Барокко неотделимо от нового режима света и цвета. Прежде всего, можно принять свет и тьму за 1 и 0, за два этажа мира, отделенных друг от друга тонкой линией вод: Этаж Блаженных и Этаж Проклятых. И все же речь идет не об оппозиции. Если мы устроимся на верхнем этаже, в комнате без окон и дверей, нам придется констатировать, что она очень темна, покрыта почти сплошной чернотой, «fuscum subnigrum». Это и есть одно из барочных нововведений: белый фон мела или гипса, служивший основанием для картины, Тинторетто и Караваджо заменили на темный красно-коричневый, на котором они наносили густейшие тени, а затем непосредственно писали картину, постепенно переходя от фона к тени.

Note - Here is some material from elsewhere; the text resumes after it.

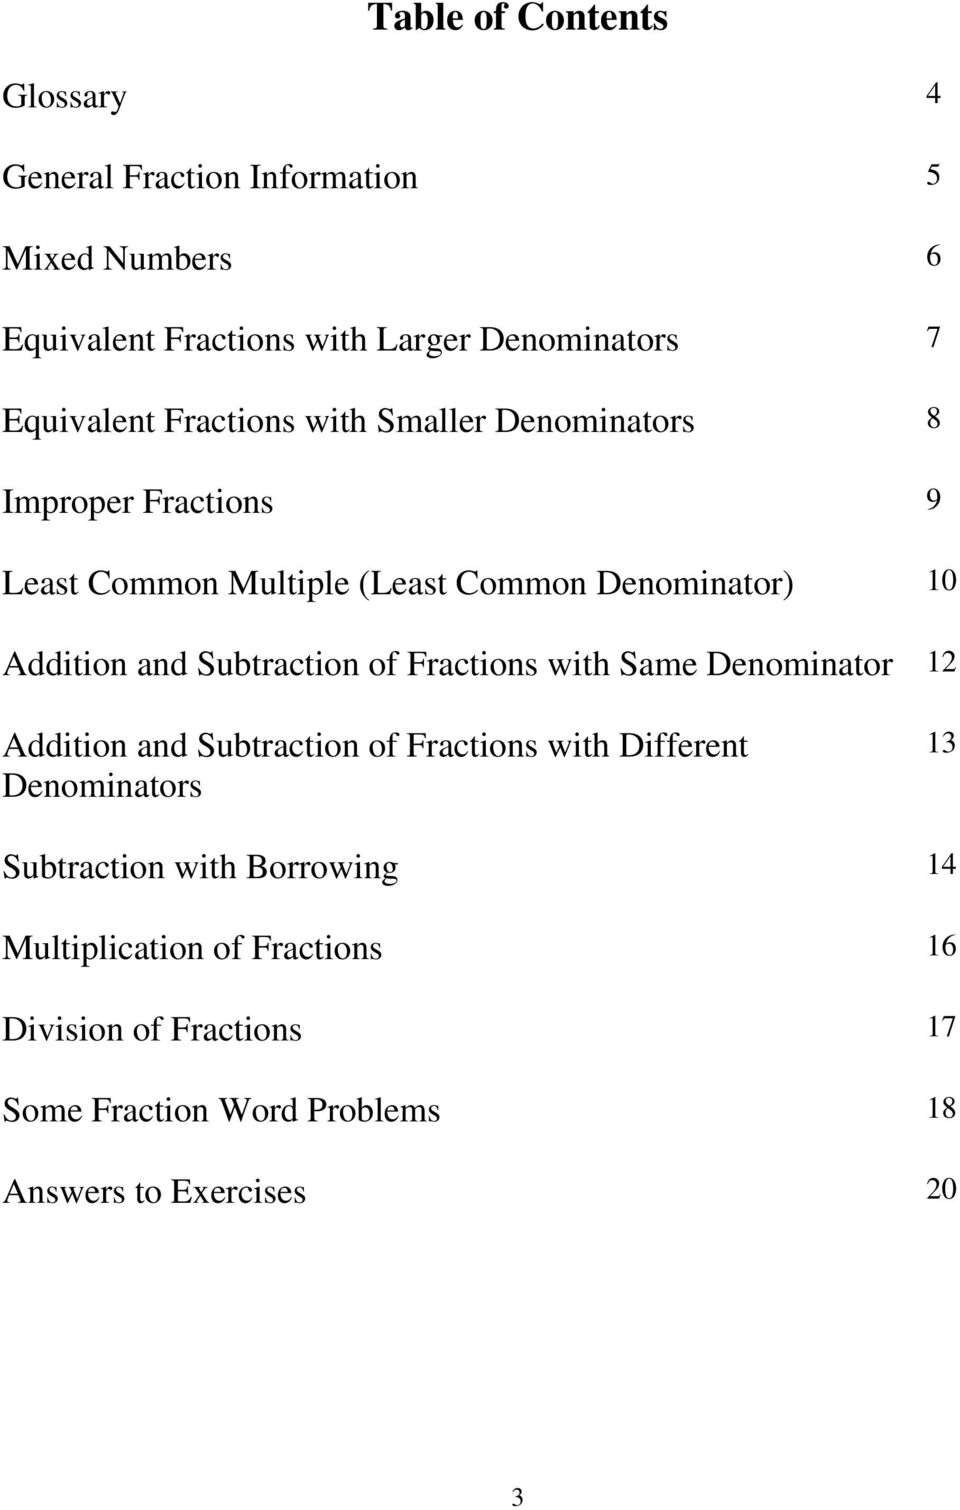 Addition and Subtraction of Fractions with Same Denominator Addition and Subtraction of Fractions with Different
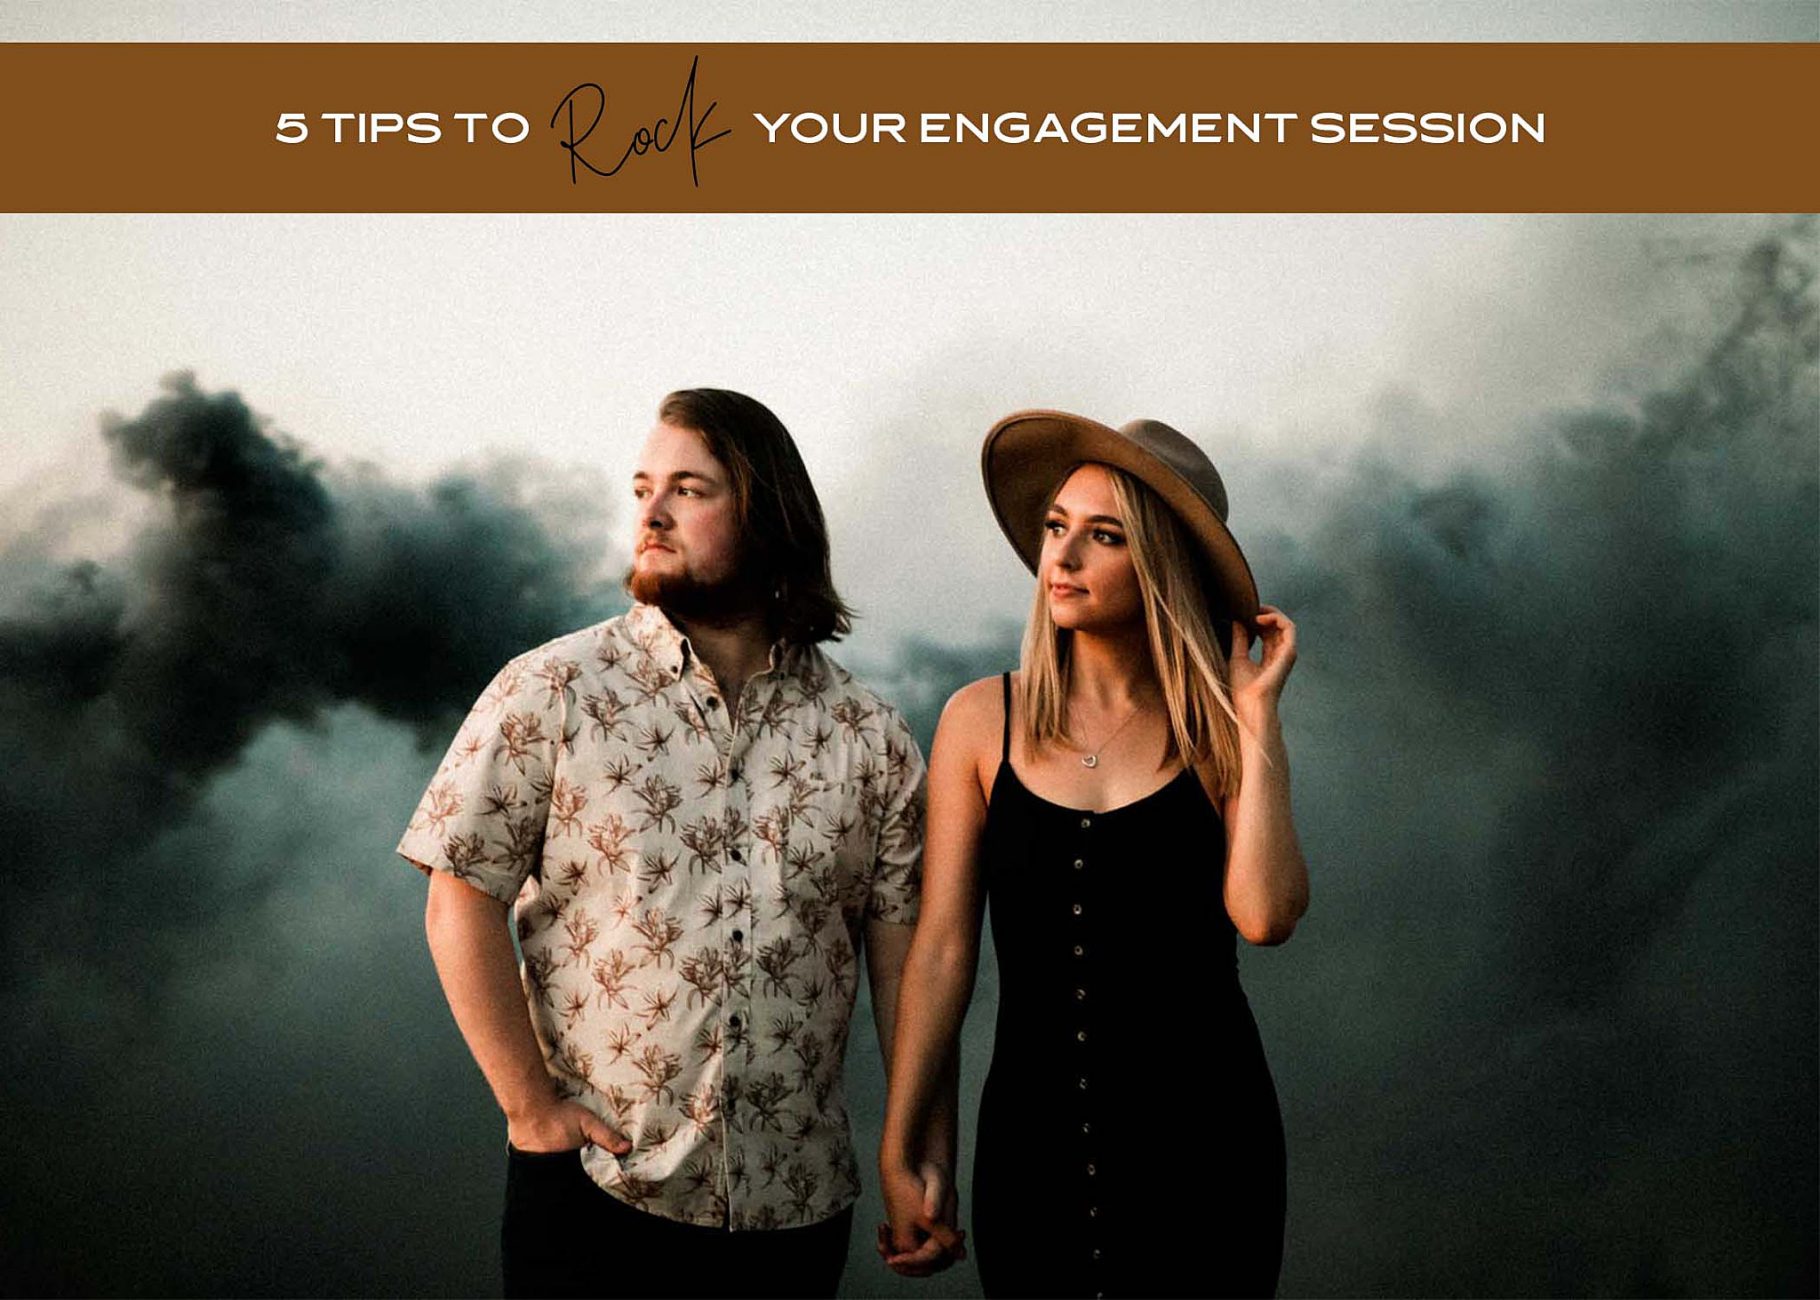 Blog post information article with the 5 best engagement session tips to rock your 2021 engagement session

Картина меняет свой статус; на заднем плане неожиданно возникают предметы; цвета брызжут с общего фона, свидетельствующего об их темной природе; фигуры определяются не столько контурами, сколько покрытием. Но все это не противостоит свету, а наоборот, возникает благодаря новому режиму света <...> «Он (свет) скользит во тьме, будто проникает сквозь щель». Следует ли это понимать так, что свет проходит через люк, небольшое угловое или изогнутое отверстие, —при посредстве зеркал, так что «белый цвет получается в результате игры отражений большого количества мелких зеркал»? Говоря более строго, поскольку у монад нет щелей, этот свет был «запечатлен», — и он возжигается в каждой монаде, как только она возвышается до разума, — и он же образует белый цвет посредством всевозможных мелких внутренних зеркал. Он образует белый цвет, но также и тень: белый цвет, сливающийся с освещенной областью монады, но темнеющий или постепенно переходящий к темному фону, к «fuscum», на котором и возникают предметы «при помощи затенений и более или менее ярких и умело выбранных оттенков». <...> достаточно сменить перспективу на обратную и поставить «светозарное на место взгляда, тусклое на место предмета и тень на место проекции».
Свет непрестанно погружается в тень. Светотень и заполняет монаду, сообразно некоей серии, по которой можно пройти в двух направлениях: у одной оконечности — темный фон, у другой — запечатленный свет; когда свет возжигается, он образует белый цвет в предназначенной для этого области, — но по мере того, как белый цвет распространяется по всей монаде по направлению к темному фону, он постепенно затеняется, уступает место тьме, все более густеющей тени. За пределами этой серии у нас, с одной стороны, Бог, сказавший «да будет свет», а вместе с ним создавший и зеркало, творящее белый цвет, — с другой же стороны, мрак, или абсолютная чернота, состоящая из бесконечного количества дыр, которые уже не отражают попадающих туда лучей; в предельных случаях на границе этих дыр из них творится до бесконечности губчатая и пористая материя. Проходит ли линия света — или складка — между двумя этажами, между мраком и темным фоном, который она из мрака извлекает? Да, в предельном случае, в той мере, в какой нижний этаж становится не более, как пещерой, в коей выдолблены другие пещеры, — а материя, вытесненная под воду, сводится чуть ли не к пустоте. Но плотная материя находится вверху, и дыры в ней уже заполнены постепенно утончающейся материей; и выходит, что складка между двумя этажами — это скорее нечто вроде общей границы между двумя видами складок, наполненных складками.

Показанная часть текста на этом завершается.